I'm finding that the more I think about ending homelessness the more confused I become. On the one hand, we have the Ten Year Plan to End Homelessness set of solutions, emanating from the National Alliance to End Homelessness and the Bush administration's United States Interagency Council on Homelessness. This strategy, in an echo of Baudrillard's idea of the simulacrum, seems more geared to promoting the idea of ending homelessness than to ending homelessness itself.
On the other hand, we have those who insist that an end to homelessness can only come from homeless people themselves, who alone have the experience and motivation to organize against their own oppression. The history of homeless-led organizing has been dismal, and the past twenty or more years offer few examples of successful or sustainable models. While not everyone admits it, homeless identity-based politics has been discredited as a strategy and is another organizing dead end.
A number of years ago, I came across an excellent ethnography of various types of homeless organizing called Checkerboard Square. In this, several organizations were profiled that represented the options at hand. The homeless only group was basically this guy who claimed to be representing "the homeless" but had no real following. I have to say I've seen numerous variations of this phenomenon, both in Seattle and Boston. Then, there were the advocates, who mostly acted without regard for the actual experience of homeless people themselves. They were well-intentioned, but didn't really understand organizing. The most interesting organization was a day center which operated on a cross-class model that combined the empowerment of poor people with the stability offered by middle class allies. This held, I believe, the most promise for what organizing around homelessness should look like, and was part of the inspiration for the Real Change model.
I still believe that this is where the future is. Somehow, we need to reinvent a model of organizing that exposes the realities of extreme poverty within an affluent society and harnesses the political clout of the middle class. We need to bring the very poor out of their political and social isolation, and find where our mutual self interest is. The middle class should see action on homelessness as a means of creating the sort of society in which we would all rather live. Acting to end homelessness shouldn't be seen as merely something that we do out of altruism for others, but rather as something we do in our mutual self-interest.
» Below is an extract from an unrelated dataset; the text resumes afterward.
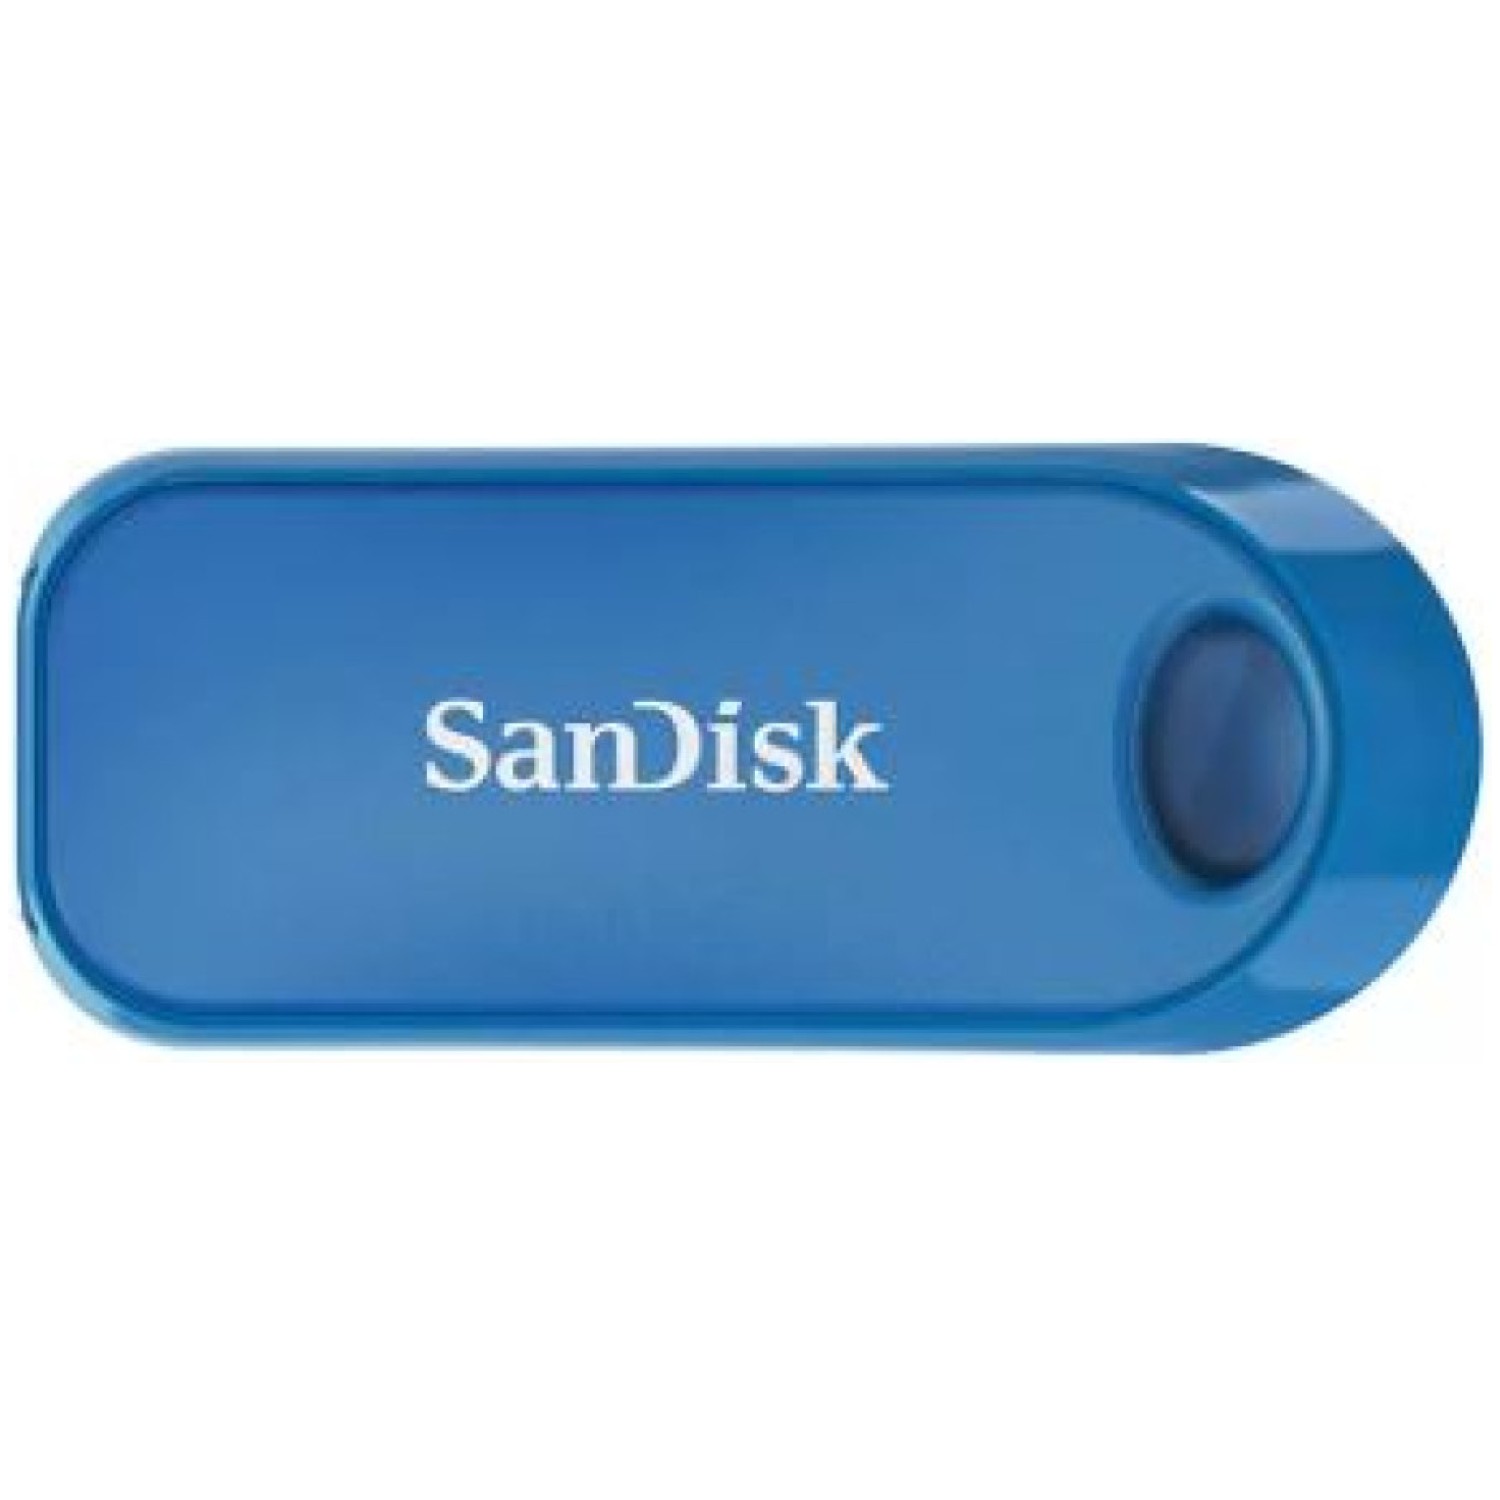 Spominski ključek 32GB USB 2.0 Sandisk Cruzer SNAP - plastičen/drsni/moder (SDCZ62-032G-G35B)
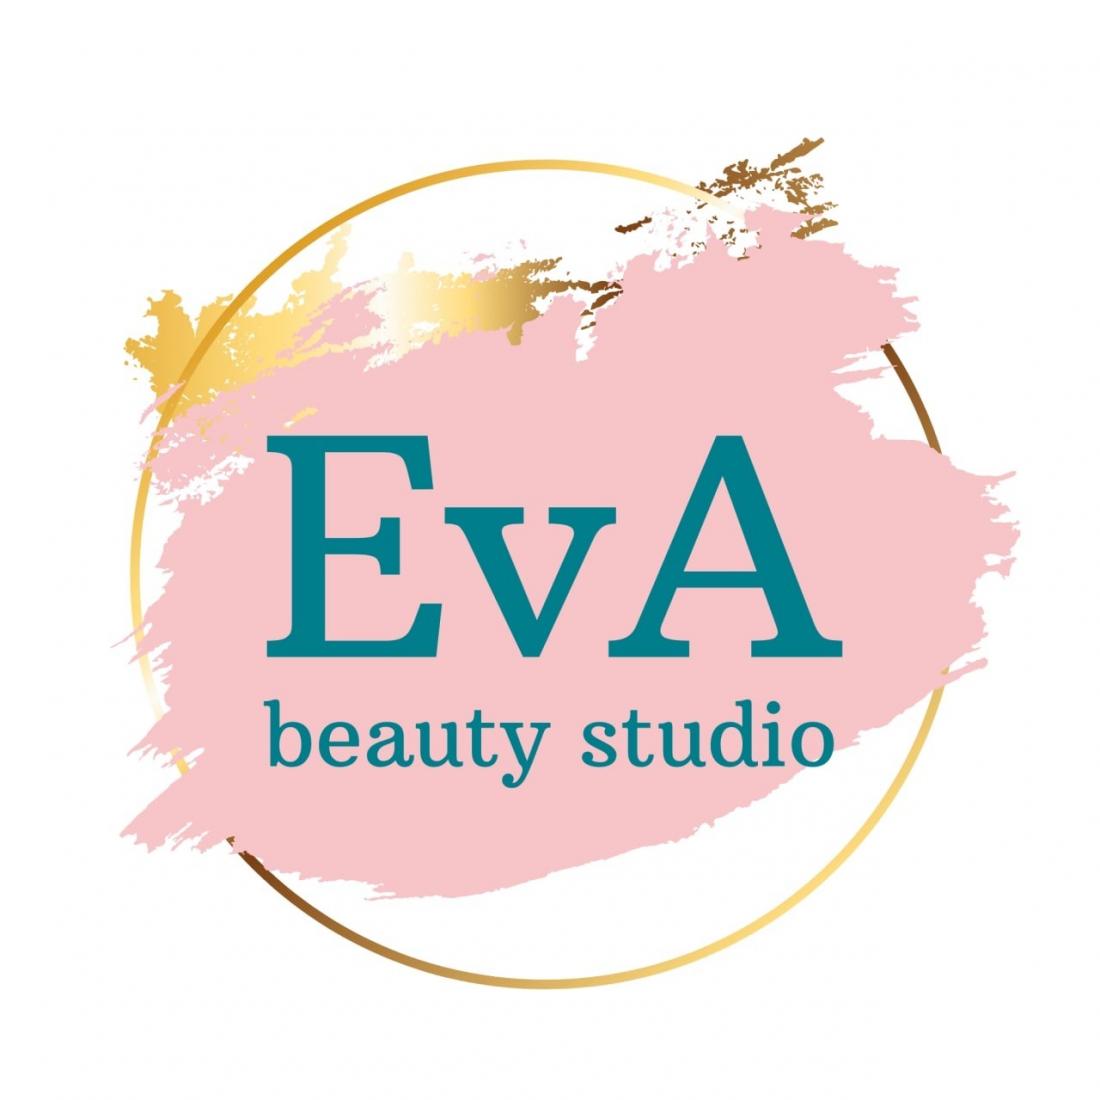 Коррекция, окрашивание бровей/ресниц от 9,90 р. в студии красоты "EvA"

But how all of this actually works is far from clear
And so, I fall back on biblical metaphor. Mythology is full of heroes who grope their way through confusion before arriving at a point of clarity and conviction. Jonah comes to mind. God says "Go to Ninevah," and Jonah says, "Fuck that!" and heads the other way to Tarshish. But he gets swallowed by a whale, and is eventually delivered to his reluctant destiny. The whale symbolizes the creative confusion that comes of not knowing the answers but still being on the journey. Sometimes, I think, not knowing is just where one needs to begin.
1 comment:
you wrote"While not everyone admits it, homeless identity-based politics has been discredited as a strategy and is another organizing dead end"
There are peaks and valleys, birth and death of everything. Nothing lasts forever. People have to understand that its the natural life cycle(birth+death) and rebuild projects learning from the failures in the past.